Служба Тольке нравилось. Вернее, он не испытывал особых неудобств от армейских будней. Порядок и дисциплина ему были по душе. А уж служить в Германии, где еще совсем недавно капитулировал фашизм, было для него предметом особой гордости. Потому и дослужился до старшины довольно быстро. В Минимально возможные для этого сроки. И на сверхсрочную остался не только по просьбе командира, но и от желания продлить такое свое положение.

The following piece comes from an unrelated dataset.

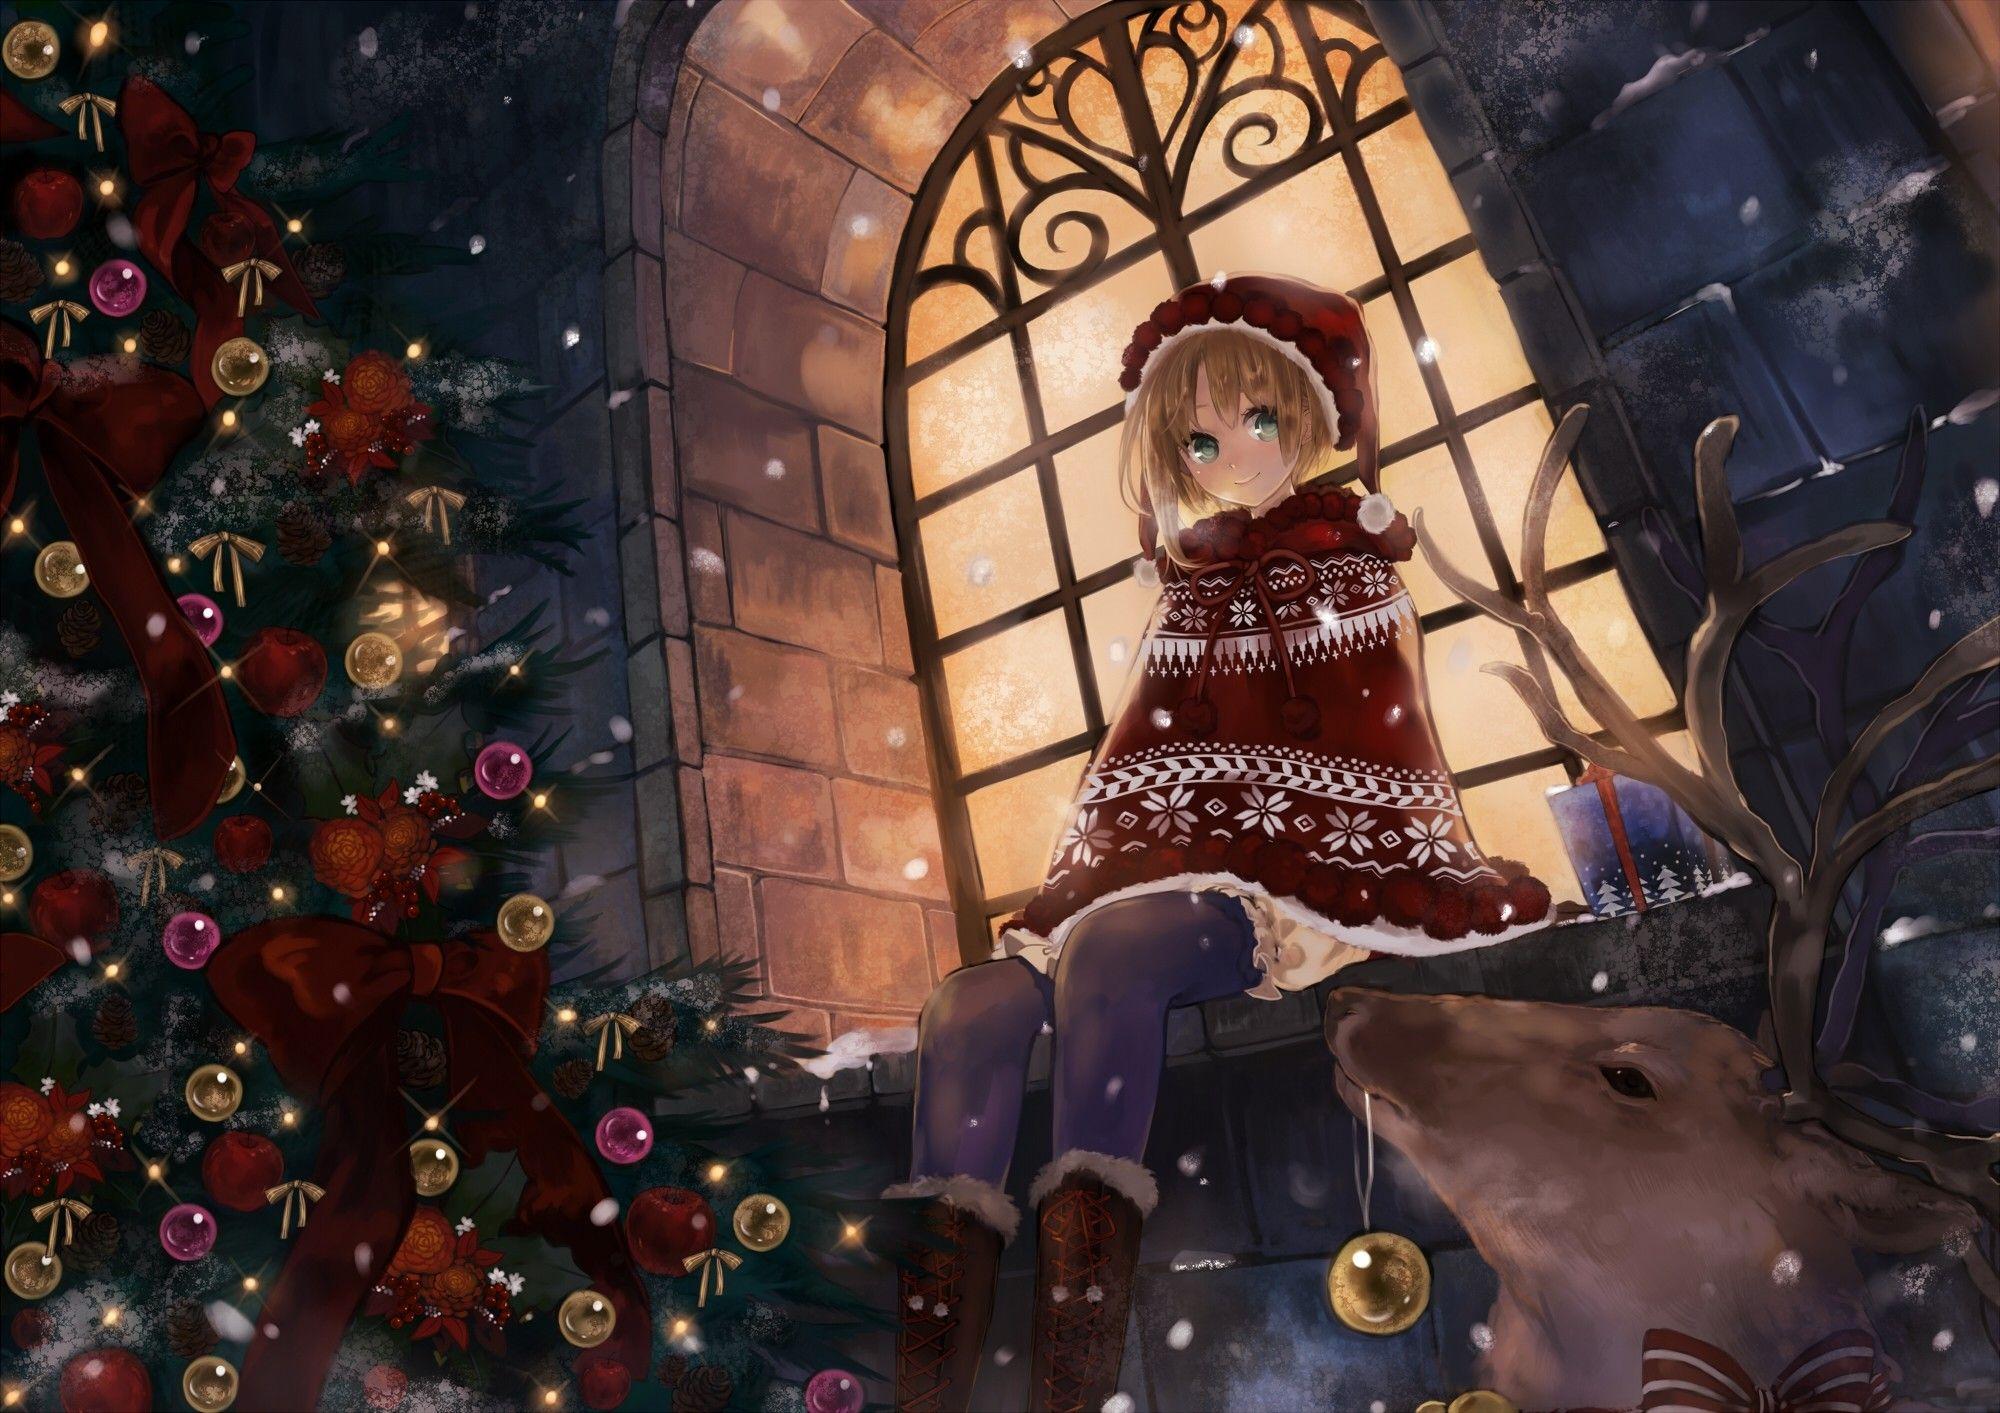 Giao thoa giữa vẻ đẹp và tuyệt vời của Giáng Sinh với anime là điều tuyệt vời nhất. Top hình ảnh đẹp giáng sinh anime sẽ giúp bạn cảm nhận tất cả niềm vui và sự ấm áp trong mùa lễ hội this. Hãy thưởng thức hình ảnh đầy sắc màu này để tìm hiểu thêm về giáng sinh và anime.

Единственным не столько сложным, а скорее неудобным для себя периодом он считал время, проведенное в самом начале службы. В учебке почему-то, несмотря на хорошее питание, постоянно хотелось есть. Отчего-то портянки в сапогах все время сбивались, и ноги постоянно были в мозолях. Не сразу привык Толька и к тому, что его непосредственным командиром был военнослужащий, который был младше его возрасту. Поначалу он не понимал, зачем будущему механику-водителю, а именно этому военному ремеслу он обучался, нужны ежедневные занятия на плацу. Сама строевая подготовка вопросов у него не вызывала. Только вот зачем этим заниматься по четыре часа в сутки, Ларионов, честно говоря, недоумевал. Как не понимал, почему за любую провинность его отправляли в наряд по кухне. Картошку чистить он умел. Да и сам процесс нравился. К тому же при кухне всегда можно разжиться каким-то дополнительным пропитанием. Были у Тольки и другие вопросы и сложности, но постепенно все вошло в привычку и встало на свои места. К концу курса молодого бойца из круглолицего лоснящегося деревенского паренька он превратился в стройного дисциплинированного солдата.

– Дядя, ты с войны вернулся? – детский голосок заставил его открыть глаза.

Толька, не поднимая головы, посмотрел глазами по сторонам и увидел на берегу девчушку лет шести с желтыми волосами в легком выцветшем платье. На месте ей стоялось с трудом. Она, то переминалась с ноги на ногу, то поднималась на цыпочки или ковыряла ногой прибрежный песок, одновременно пытаясь накрутить подол платья на палец. Девочка с нескрываемым любопытством разглядывала лежащего в воде парня, и увиденное зрелище ее явно заинтересовало.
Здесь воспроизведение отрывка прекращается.